### What you are asked to do
Please reproduce all of the listing below exactly and drop its images.

### Information supplied
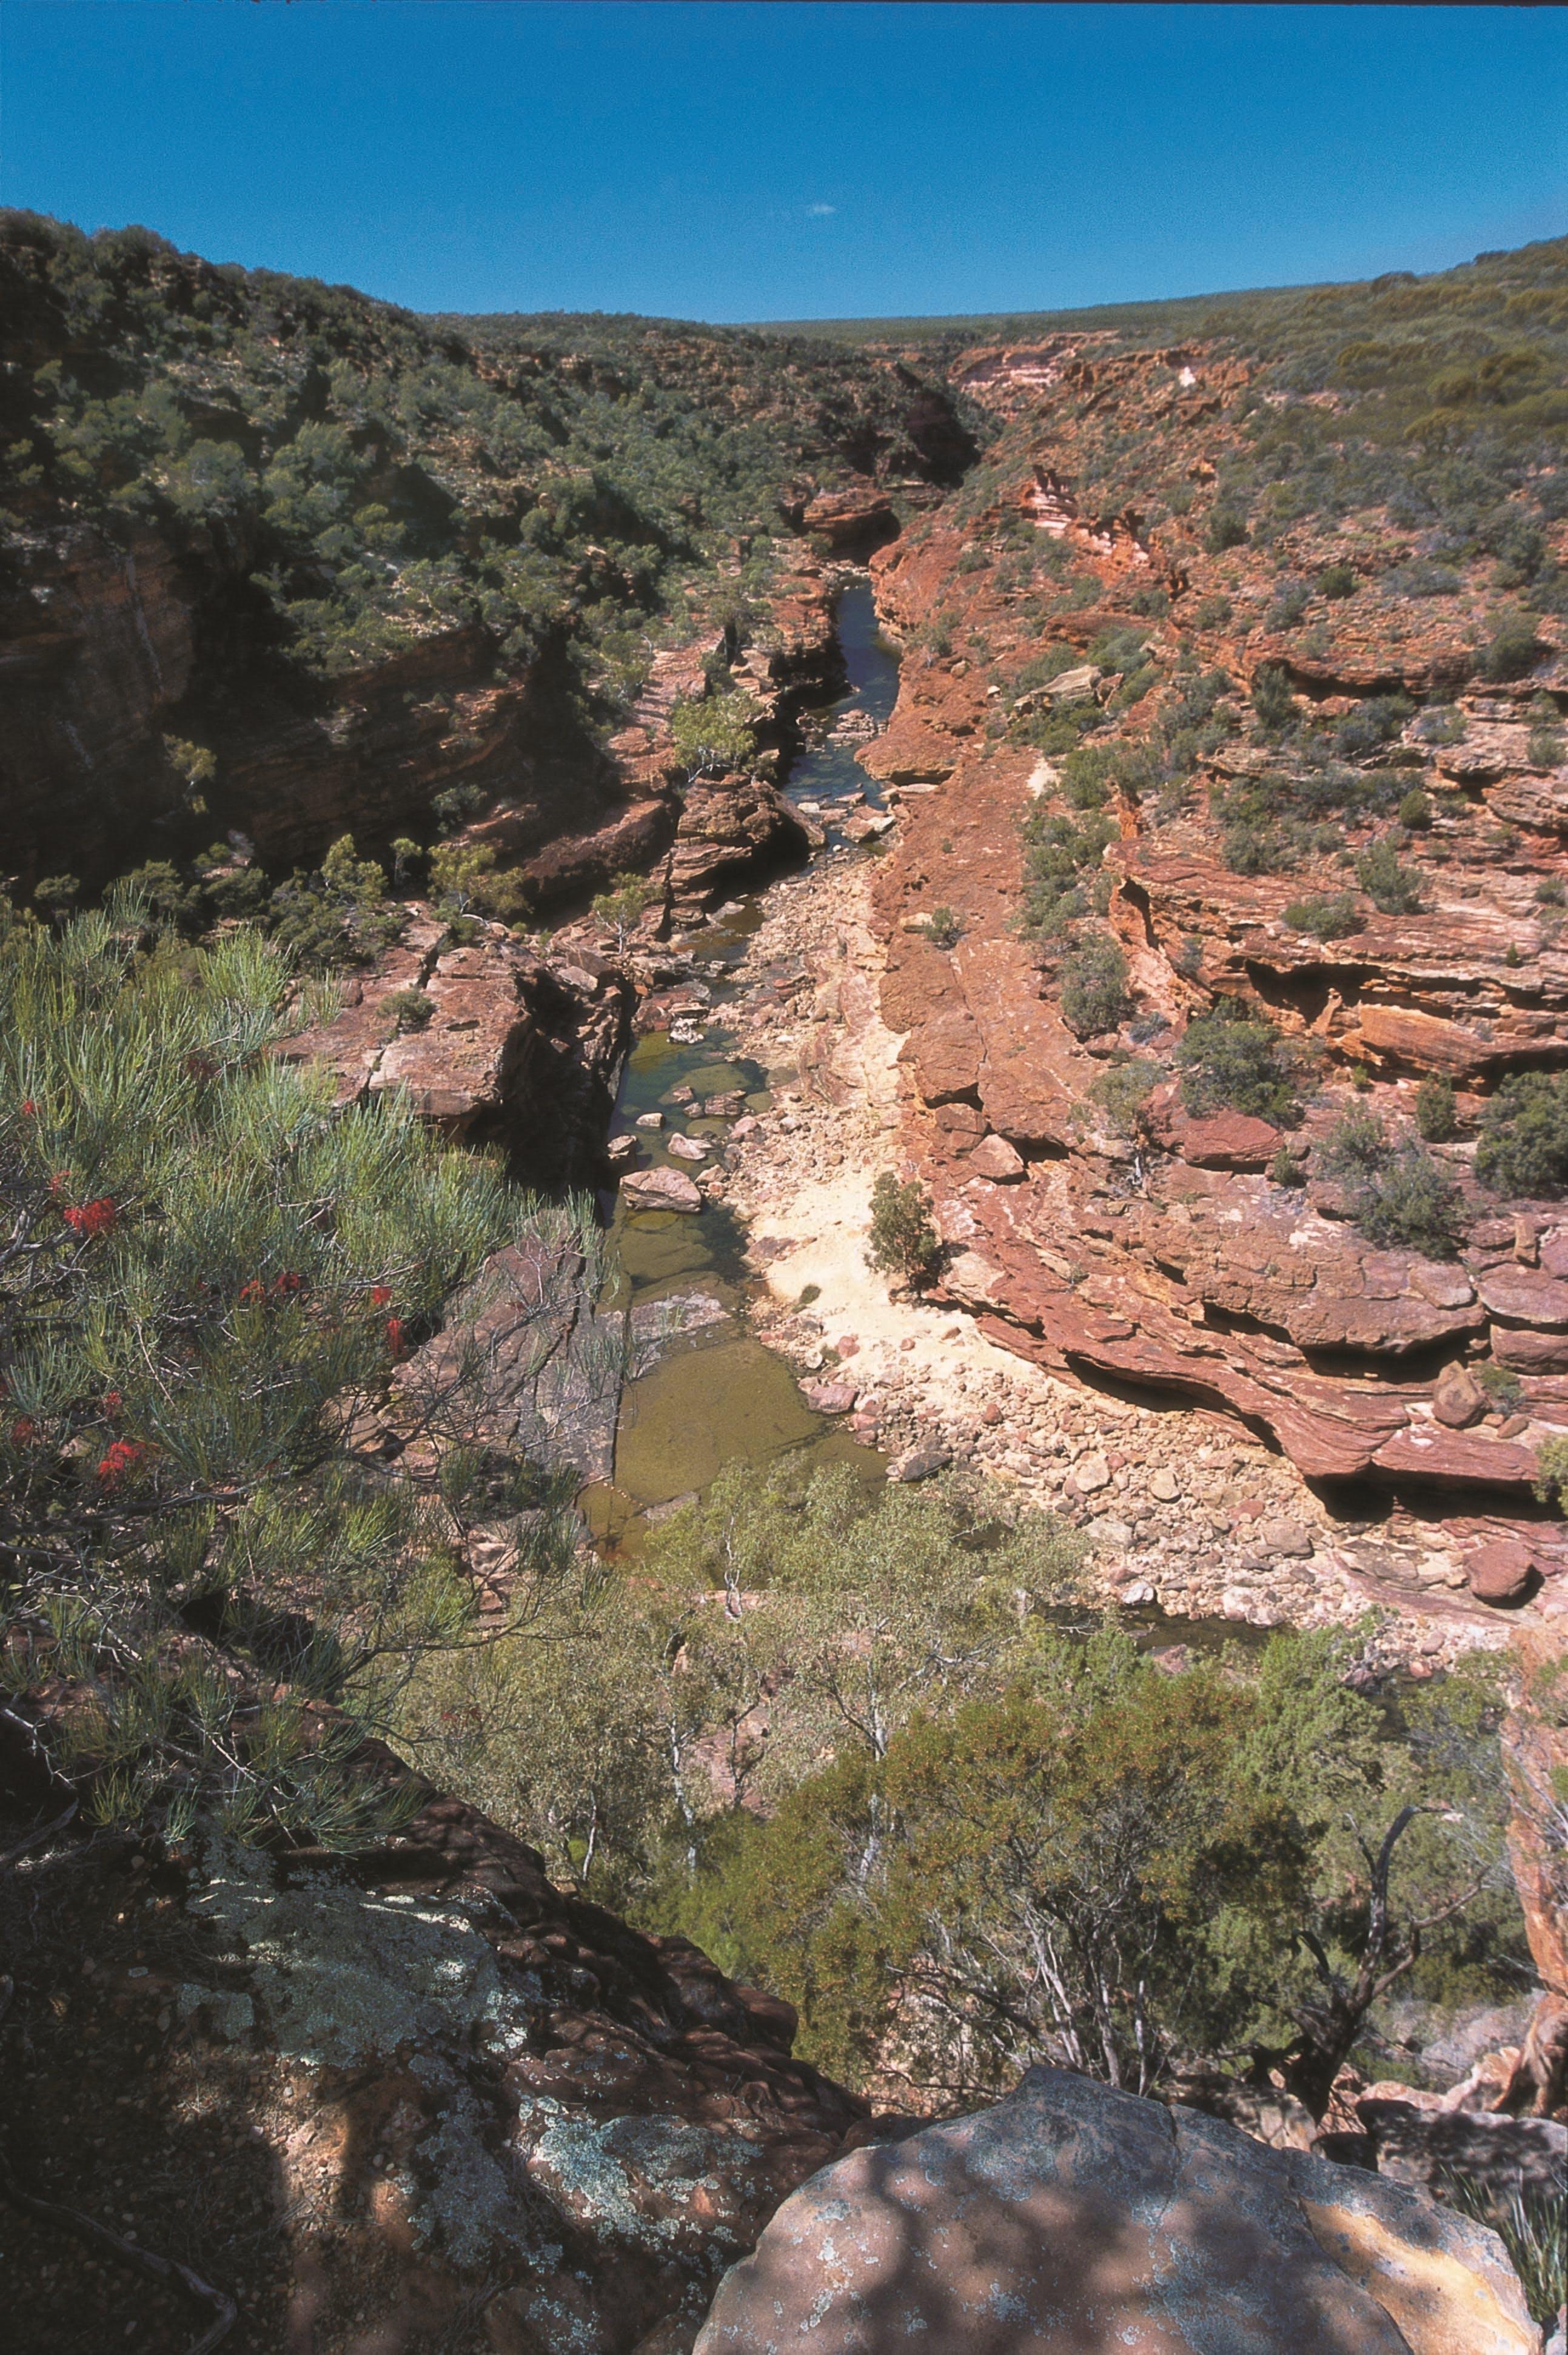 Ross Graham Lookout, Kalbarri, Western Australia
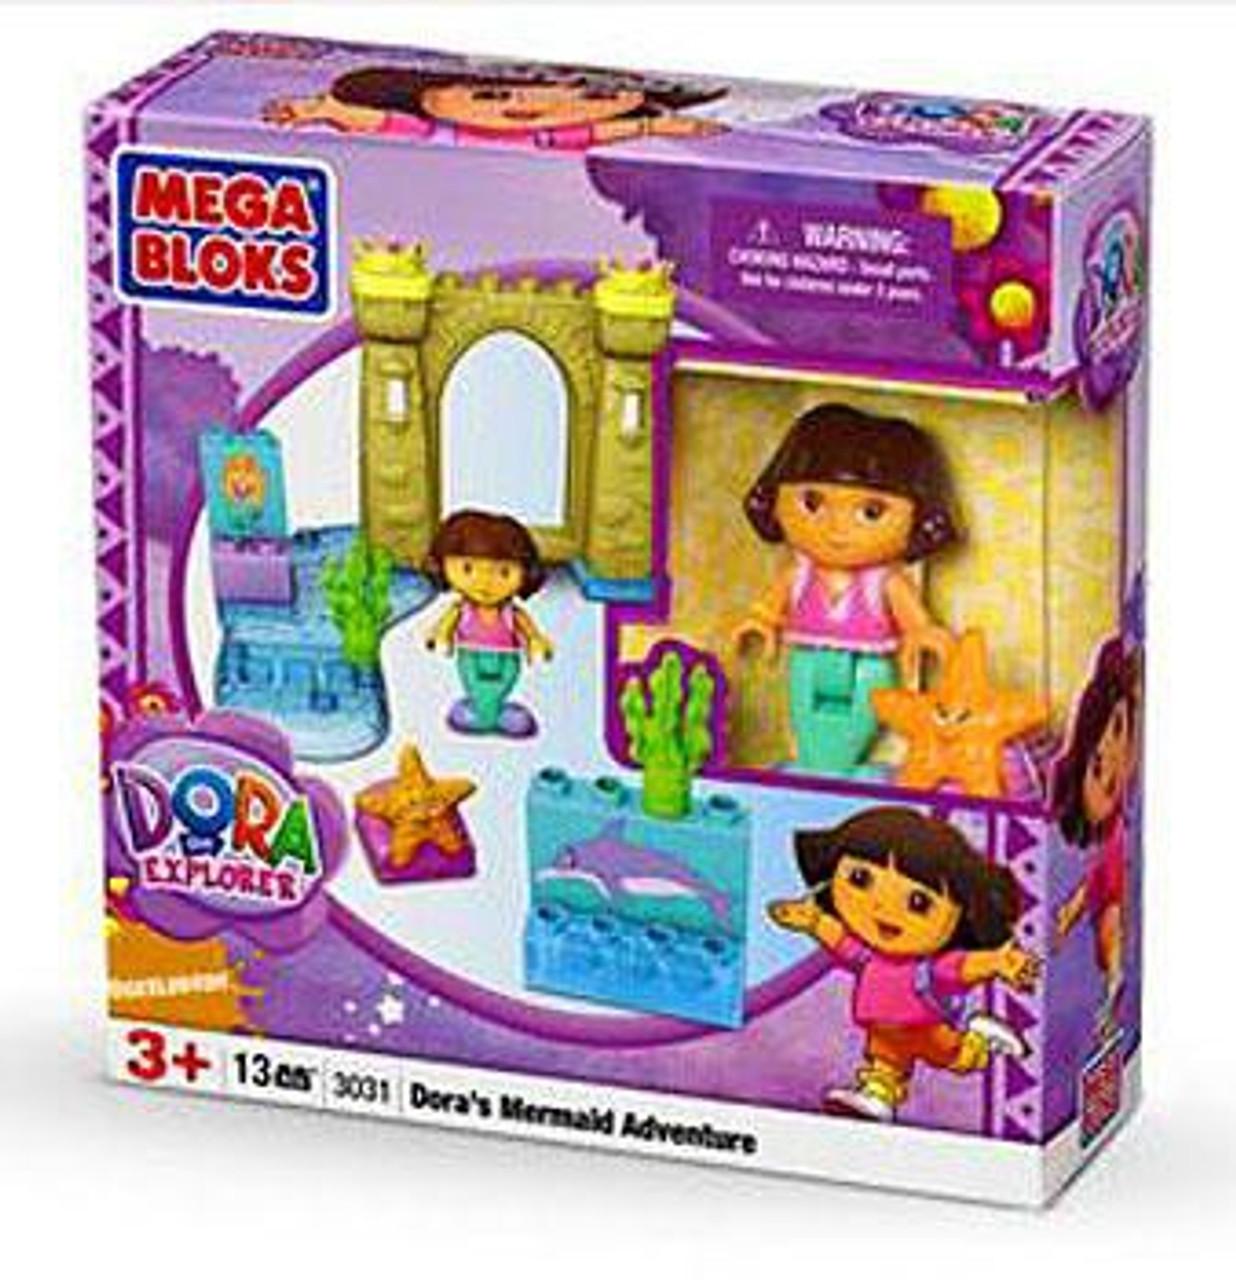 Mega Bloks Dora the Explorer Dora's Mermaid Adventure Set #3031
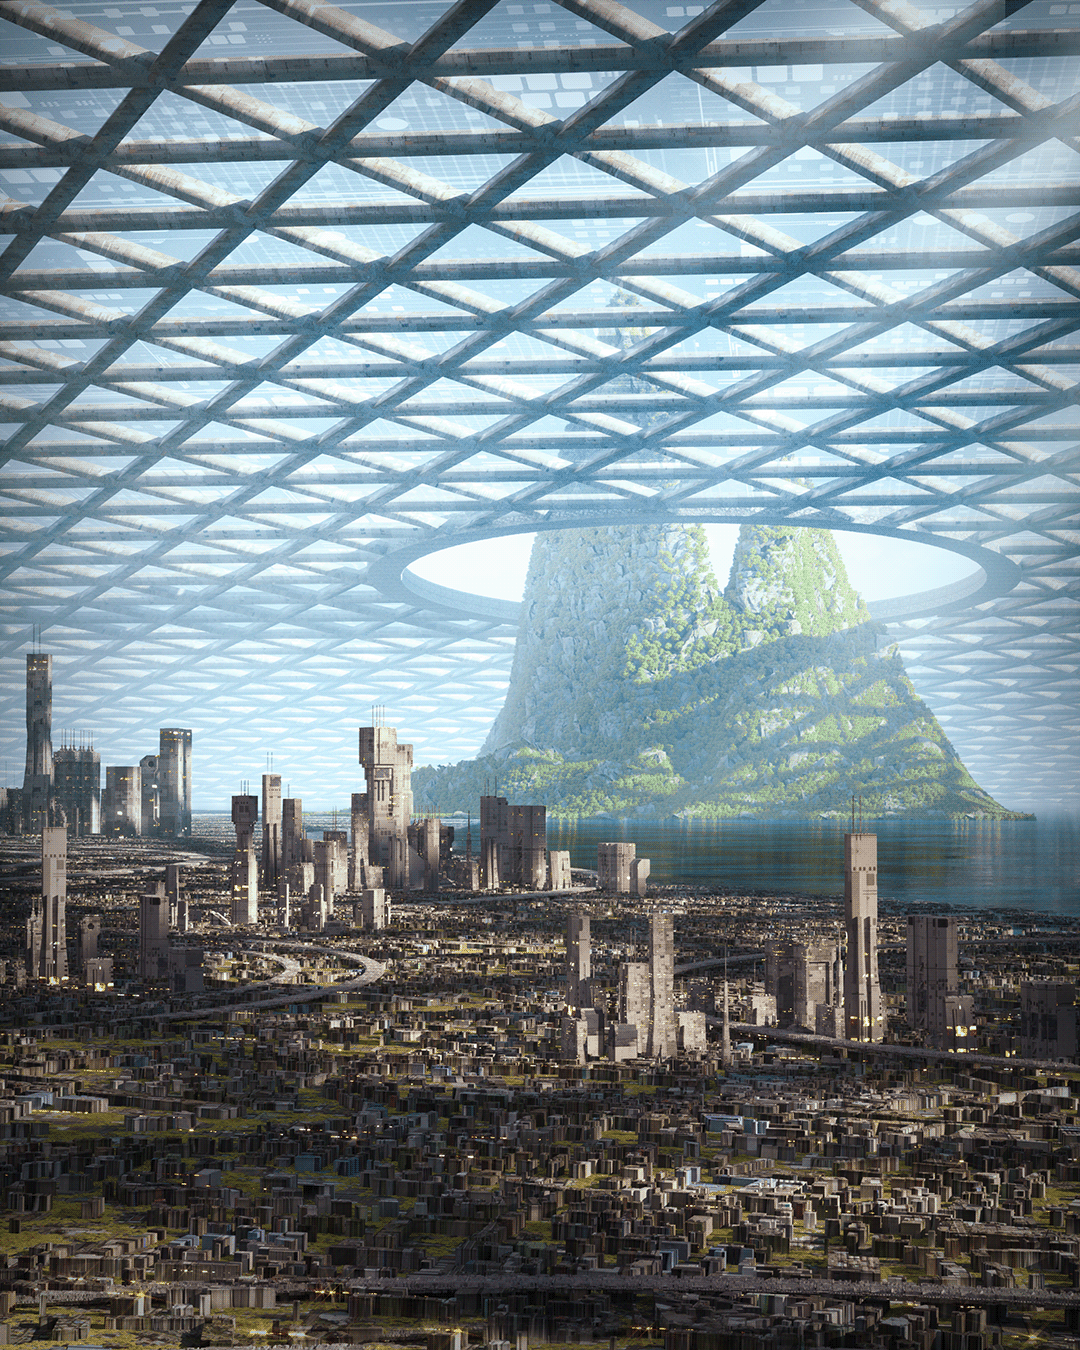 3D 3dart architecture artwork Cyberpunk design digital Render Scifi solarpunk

### Output of the task
 Ross Graham Lookout, Kalbarri, Western Australia
 Mega Bloks Dora the Explorer Dora's Mermaid Adventure Set #3031
 3D 3dart architecture artwork Cyberpunk design digital Render Scifi solarpunk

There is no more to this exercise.